When the lead author contacted other teaching teams and did an arbitrary survey within the university, he found out that the main method in use was the random or self-selection method.

The lead author also observed that the formation of the self-selected teams led to teams formed of either - male, or all-female teams. Another course (not taught by the lead author), using “constrained” self-selection (i.e. the imposition of a topic of interest as an amalgamation point for individuals with an interest in the topic/problem), also indicated that teams formed over similar interests were low in gender and professional background diversity. Self-selection seems to be the most popular team assignment method in simulations (Decker, 1995).

It is easy, requiring no action on the teacher’s part except when remainders emerge (as discussed later), and it often leads to higher initial group cohesion, expediting group development (Mello, 1993; Strong & Anderson, 1990).
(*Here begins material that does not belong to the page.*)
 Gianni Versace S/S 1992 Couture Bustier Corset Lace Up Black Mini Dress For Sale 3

Although not all self-selected teams are initially cohesive (some players may simply choose people sitting close by for teammates; see Norris &

Niebuhr 1980), early cohesion apparently gives a group a leg up in performance. Minimal instructor effort and positive team cohesion results clearly make this an “easier” method from both practical and methodological considerations. However, the distinct disadvantage of this method such as selection of

friends, prevalence of remainders and at a cost of reduced diversity or higher homogeneity (also known in theory as in Bacon et al, 2001) were readily observed as described above.
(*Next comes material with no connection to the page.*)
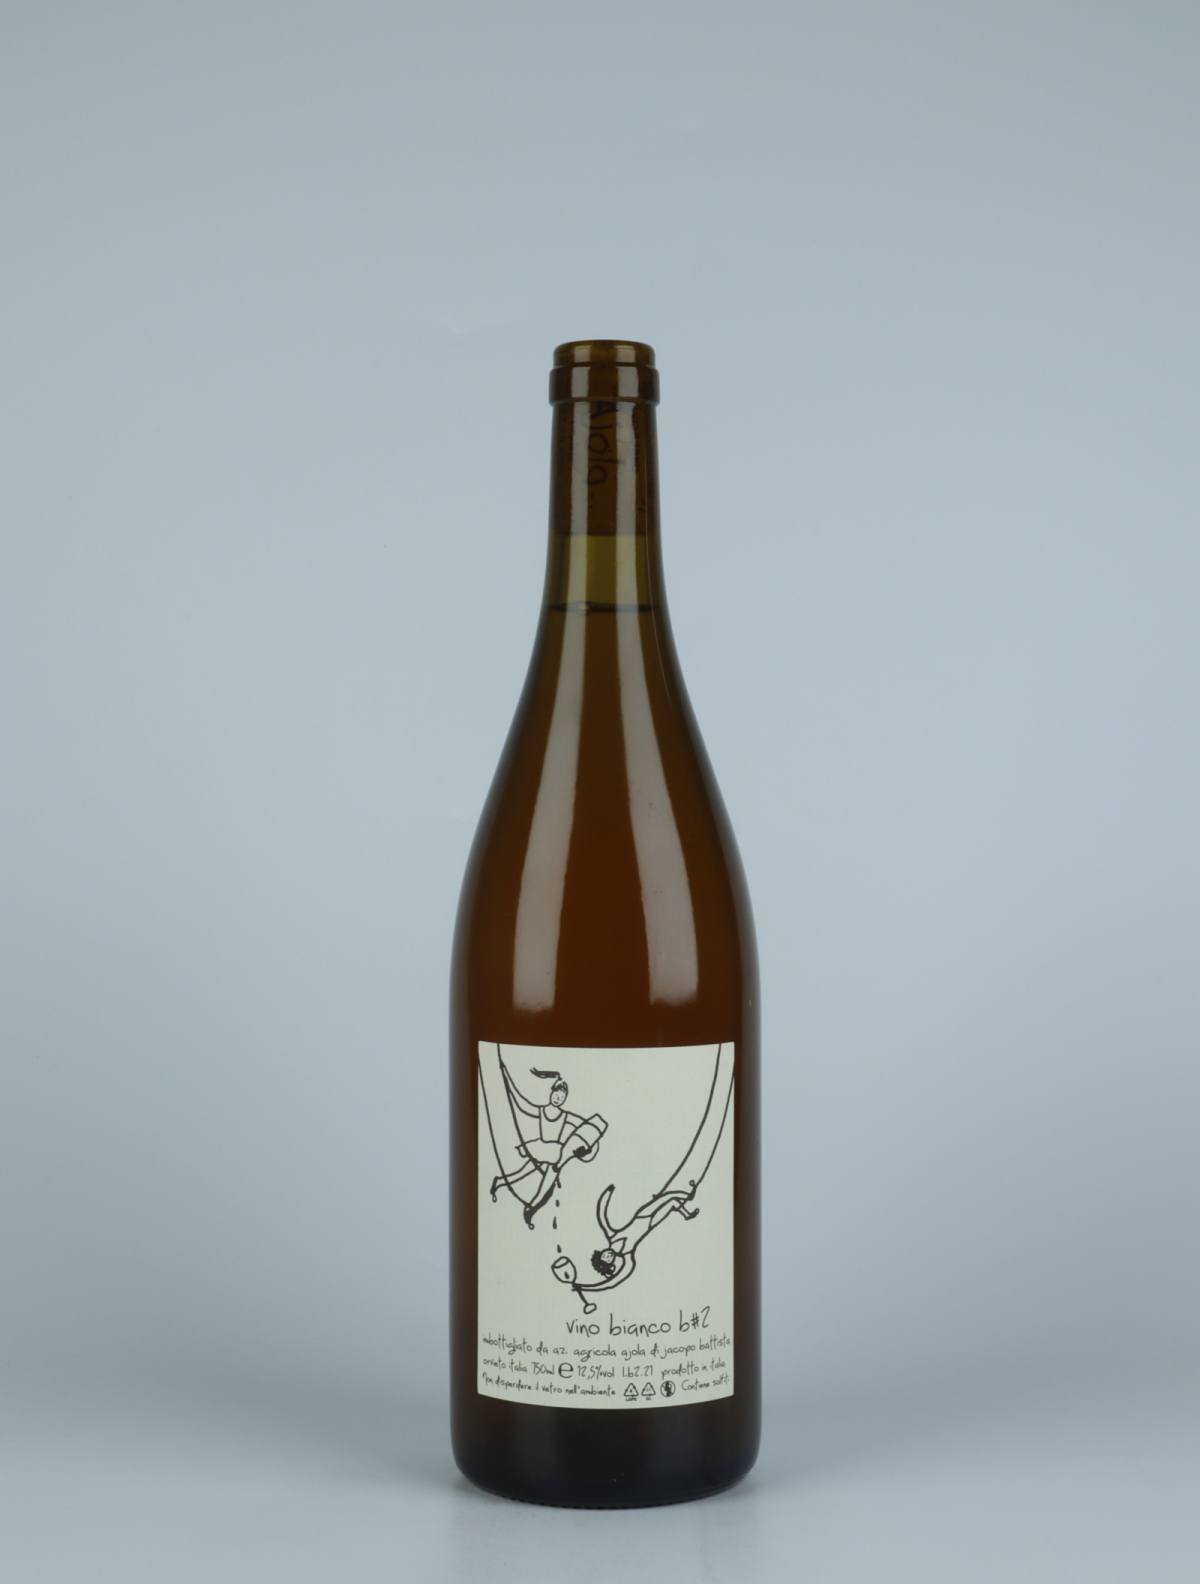 A bottle 2021 Vino Bianco #2 Orange wine from Ajola, Umbria in Italy

Thus, the instructor-selected method was experimented as an alternative to achieve the diversity gains despite the higher practical/resource costs.

About Virtuoso

Virtuoso, the game used for team allocation in this study is the product of GraviTalent (www.gravitalent.com). Virtuoso is in commercial use as a selection tool in the hiring process (please read details about the game below in the Methods section). By exploring cognitive and other psychological skills, this serious game offers help in assessing how well the applicant would fit the job and the organizational culture. Recently, Virtuoso has also been used to examine the composition of existing work teams. The lead author after meeting the GraviTalent team at their demo stand at a gamification conference and trying out the game came up with the idea to test its use for making teams in his classroom as an alternative approach to the instructor-selection method that he uses. This resulted in collaboration between GraviTalent and the lead author of Aarhus University to explore this new use case.

3. Methods

Participants

The participants were 36 STEM students at Masters Level from Aarhus University who were enrolled for an entrepreneurship course run by the lead author. The participants were mostly Danish students barring one exchange student from Spain.

The participants were divided into two sets based on gender, academic discipline and JTI profiles, such that each set had more or less equal number of different profiles. This was done to remove any biases due to inequality between the sets. One set was allocated to the instructor-selection method (labelled as R-teams, where R=Rajiv, the instructor & lead author) and the other to the game-based method of team formation (labelled as G-teams, where G=GraviTalent, the firm behind the Virtuoso game). The detailed distribution of the two sets is available at http://dx.doi.org/10.6084/m9.figshare.1494666.

Instructor-selection method (for teams R1-R5)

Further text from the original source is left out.